Another common sticking point is when groups start ingesting data feeds and spending money on them only to get stuck due to the dumbest of problems; the normalization of data. One user said that he did not realize for 45 days that the reason he and his team were not getting some of the correlations out of the engine they expected was because one vendor sent their offerings with a GMT timestamp whereas the others, all in California like the user, used Pacific-time-zone timestamps. The result was misalignment of data that prevented some important connections being made.

Similarly, “domain” and “host” are common fields in a wide variety of data feeds. But “host” does not always mean the same thing to every vendor. Some interpret “host” as synonymous with a second-level domain and a top-level domain, for example,domain.com. Other vendors provide it as www.domain.com, a problem because that is actually a host (www) within a domain (domain.com). Some would argue that “host” is actually synonymous with IP address, others point out that an IP can host many domains, each with many hostnames. On and on it goes, and if a process ends up affected as a result, the whole thing may grind to a halt. This normalization of disparate data sources is an extremely prosaic type of challenge, yet it is a sticking point that bunges up the works over and over again.

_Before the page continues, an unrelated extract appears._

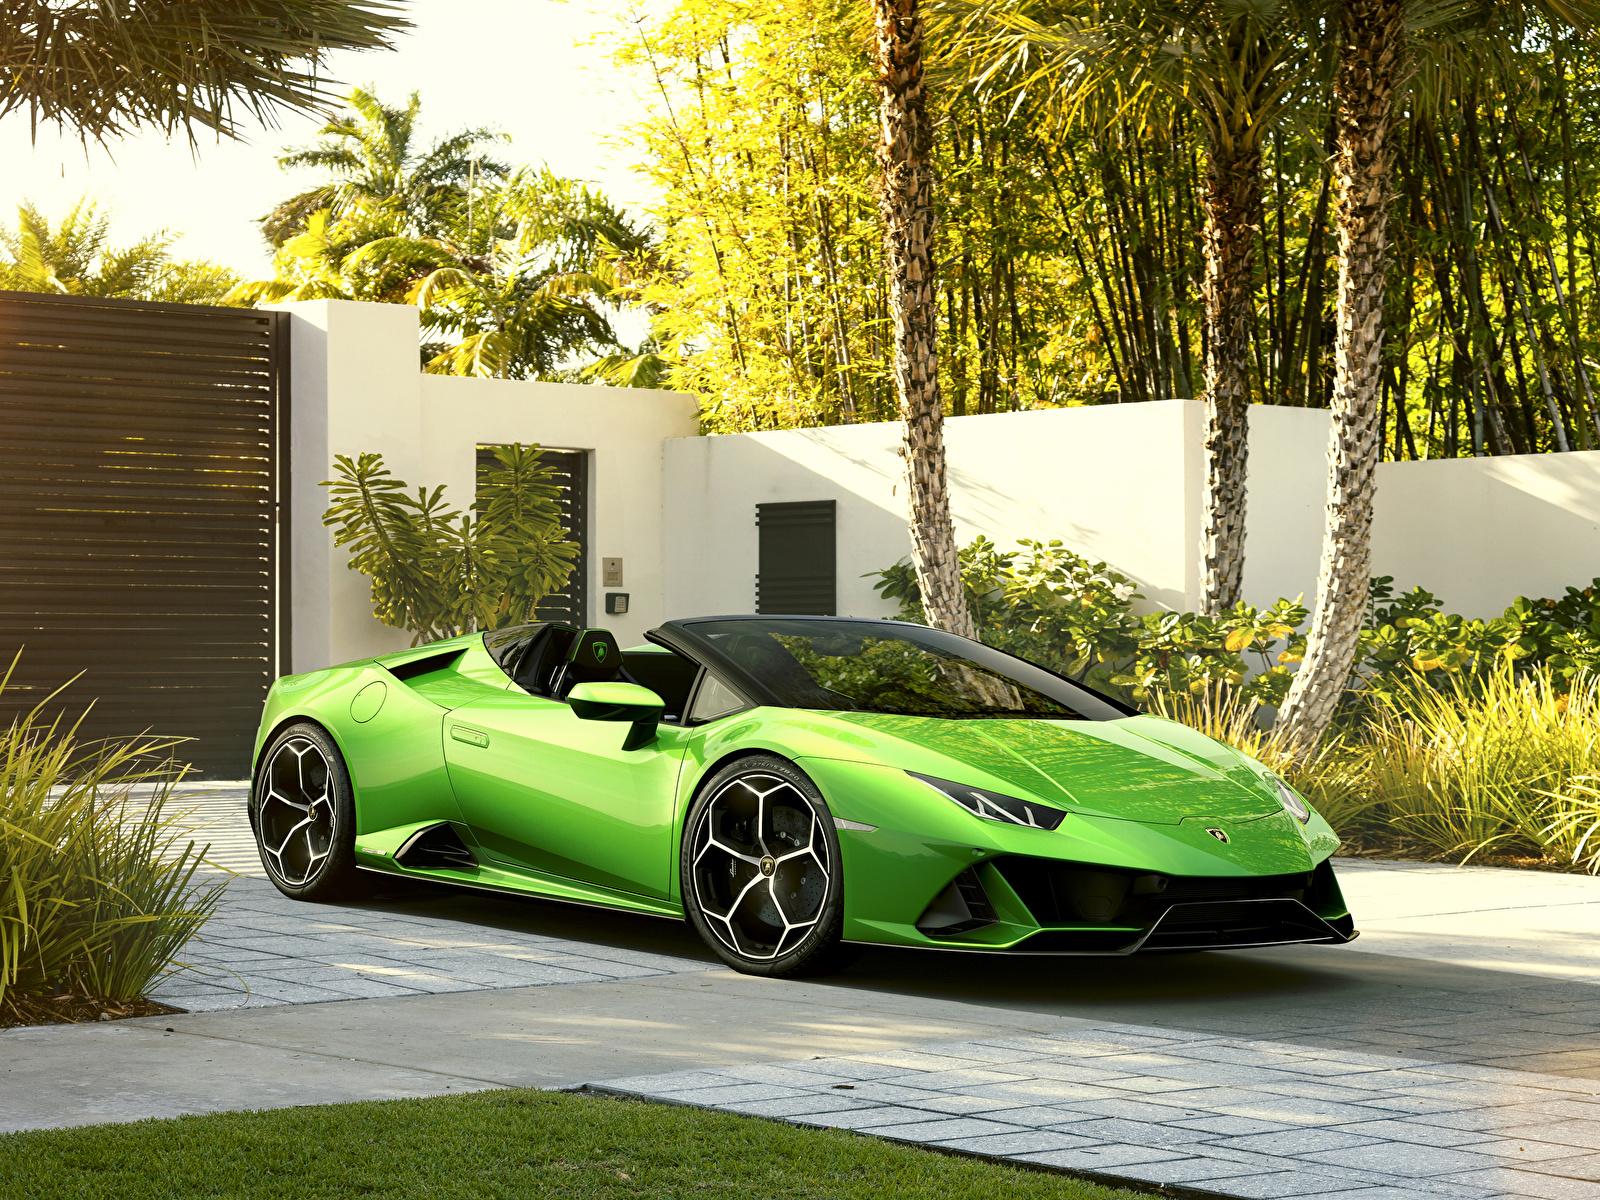 Hintergrundbilder Lamborghini 2019 Huracan EVO Spyder Roadster Gelb grüne auto Metallisch 1600x1200 hellgrüne Autos automobil
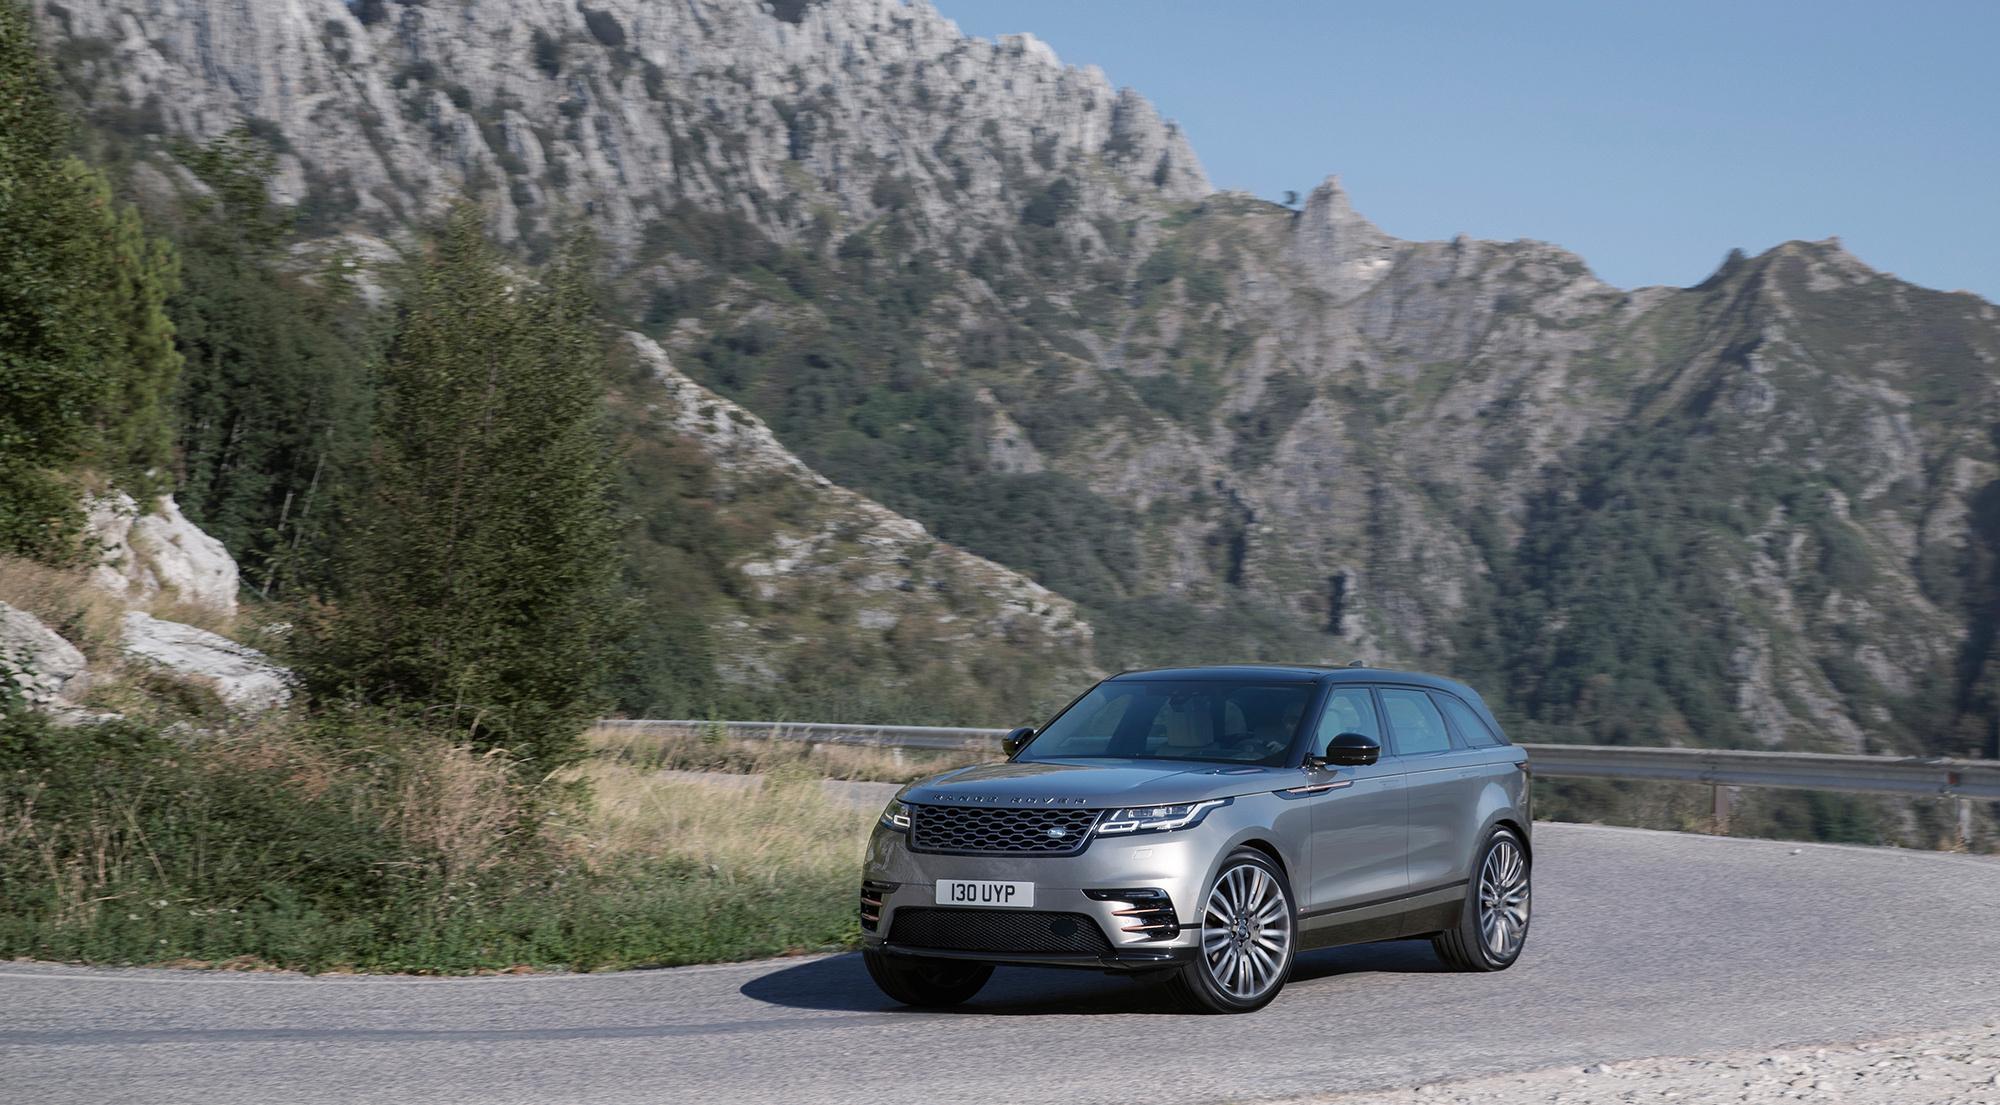 Range Rover Velar Free Download

Another extremely common topic that was hinted at a little earlier is the question of skill sets. Do you have the know-how to both build the thing and run it? These two processes typically require two very different groups of people, so you definitely need to take this into consideration.

Finally, suppose everything is up and running. You are getting exactly the data that you need; you are transmogrifying it exactly the way you want, and you are actually getting good information out of the systems and people you have put in place. The question is: Do they actually know what to do when something bad happens? When the magic box and the team of geniuses discover that something has gone wrong, do they have the checklists, procedures, escalations, and phone trees to spring into action appropriately?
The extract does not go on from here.